I don’t know for sure how you were with my brothers or my sister as we grew up.   But with me, everything you and I did was The Hard Way. You and I both know what I’m talking about.

You didn’t tell me about your “Navy Days” or your grueling experiences aboard the Boston. You should have.   I didn’t ask. I should have. I had to find out on my own, the hard way.   I started doing some research a couple of months before you died.   Right after your funeral, I started in earnest. Then I started writing A Bird’s Eye View. My original intention was to write an account of your service for my three sons. Guess what, Dad?   When I finally started writing my book, within six months I lost you; the company I worked for was bought out. I lost my job. Oh, and after thirty years of marriage, I got divorced.   And there was that lawsuit thing . . . Rough six months.   But I bore down and wrote through all that turmoil.   Sound familiar?   The Hard Way.

Oh, I meant to tell you . . . some sons and daughters and grandchildren of your crewmates have stumbled onto my book and this website.
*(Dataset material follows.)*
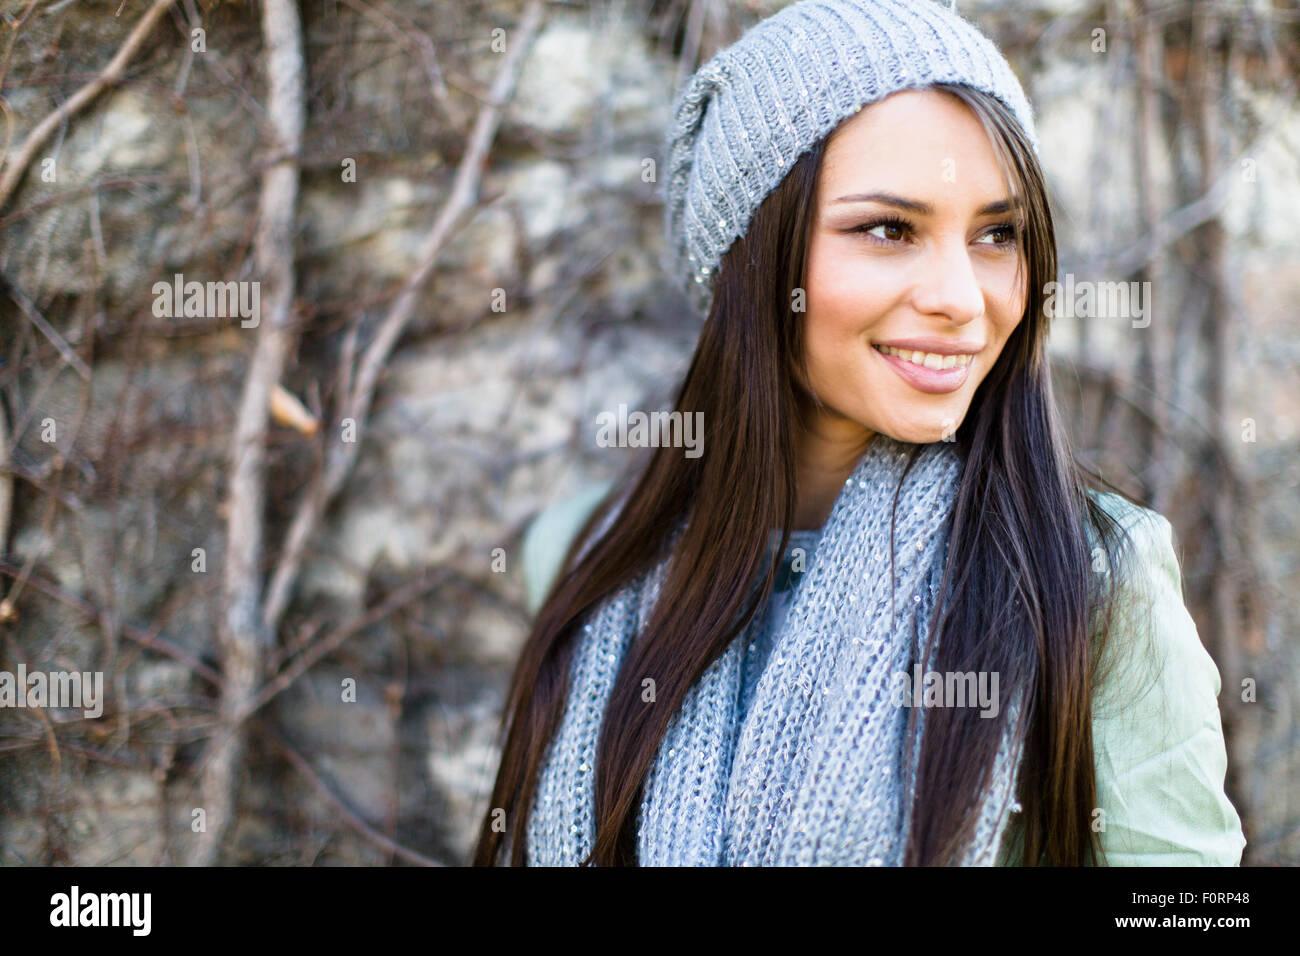 Retrato de una mujer sonriente en invierno Imagen De Stock

They’re sending me pictures and documents and such so that their dads can be remembered too. A couple of your crewmates have read it also. They told me they cried.   They told me I did a good job telling it just like they remembered.   Not so many of them left, it looks like.

I think you’d be proud, Dad.   I say “I think”, because you’d never come out and say that. That’d be The Easy Way.   You’d make me try figure it out for myself   –   The Hard Way.